1. The court erred in submitting the construction of the contract to the jury. “The construction of a contract is a.question *825for the court.” Civil Code, § 3672. This is the general rule, and it is only in the case of ambiguity that parol evidence is admissible or that the meaning of the contract can be submitted to the jury. But while it is the duty of the court to construe a written contract, still failure, to discharge this duty is immaterial if the jury by their verdict properly construe such contract. As we have already held in Moss Manufacturing Co. v. Carolina Portland Cement Co., 1 Ga. App. 232, this is especially true where it appears that the proper construction of such contract would be adverse to the contention of the complaining party. And the same doctrine was' laid down in Tilton v. Butts, 78 Ga. 30, where the court held that “it is the duty of the court to construe a written contract, but if he had properly construed the contract in this case it would not have benefited the plaintiff in error, and the result must have been the same as that reached.” The first assignment of error, therefore, must be considered solely with a view to the question whether the jury properly construed the contract, and, having so construed it, whether their verdict was the proper conclusion in the case.
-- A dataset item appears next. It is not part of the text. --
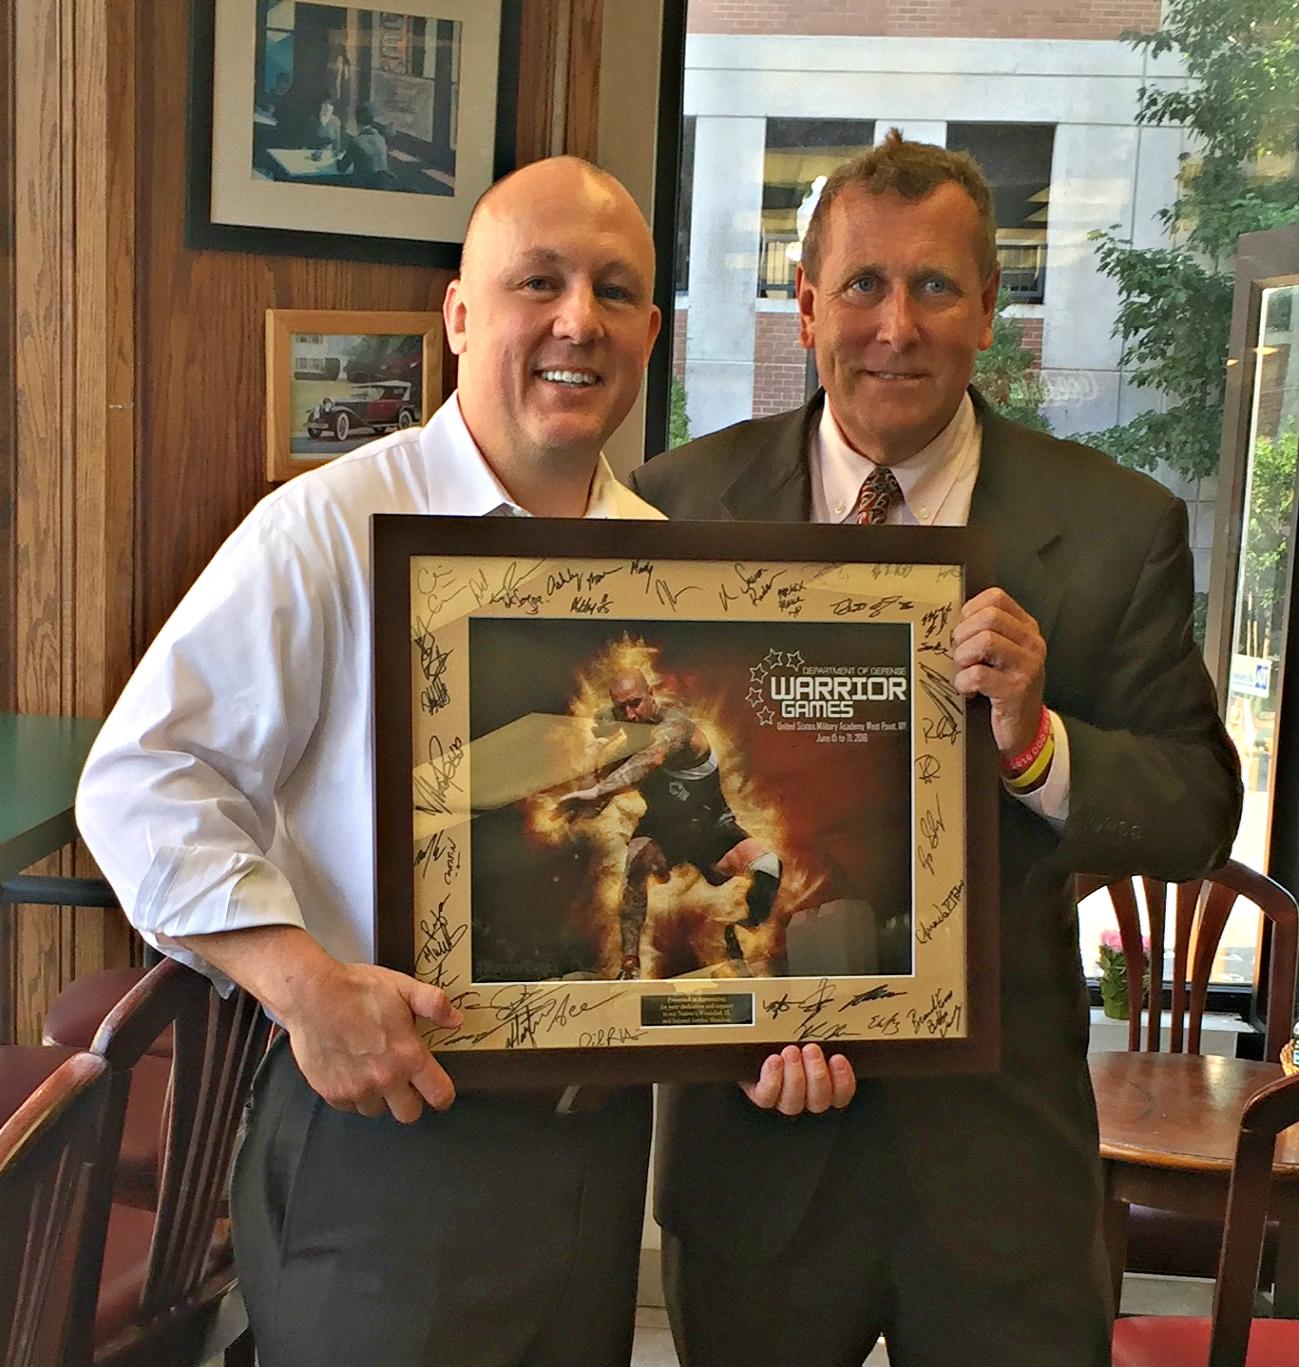 Warrior Games Representative Presents Award to UMA President

2. The real point in the case, then, is whether the contract is entire or severable; and the counsel for both parties concede this to be the controlling issue. We hold that the order for the lot of jewelry, which we have quoted above, when signed by the purchaser and accepted by the vendor, evidences an entire contract of purchase of the "lot of jewelry identified and described in the bill of particulars, but summarized in the gross sum for which suit was brought and based upon the written order. The privileges mentioned were to be enjoyed only subsequently to the completion of the real contract of purchase and delivery of the-goods, and after the payment of the purchase-price. That did not in any way rebut the evident intention of both parties to create an entire contract. This being true, the purchaser, when he discovered that there had been palmed off on him spurious articles more than for two thirds of the amount of the entire purchase, which bore no comparison in value to the articles he had ordered, was at perfect liberty to consider the contract as avoided by the seller, and to reject, as he did, the entire lot. “Where the contract is entire, performance by the party undertaking the contract is a condition precedent to a recovery against the other party upon the contract.” *826Hill v. Balkcom, 79 Ga. 444. See Cutter v. Powell, 2 Smith’s Leading Cases, Part 1, 1.

3. Though the court should have construed the writing to be an entire contract, the verdict of .the jury properly construed it; the evidence for the defendant fully authorized him to reject the entire lot of jewelry, and fully warranted the finding of the jury in his favor. Judgment affirmed.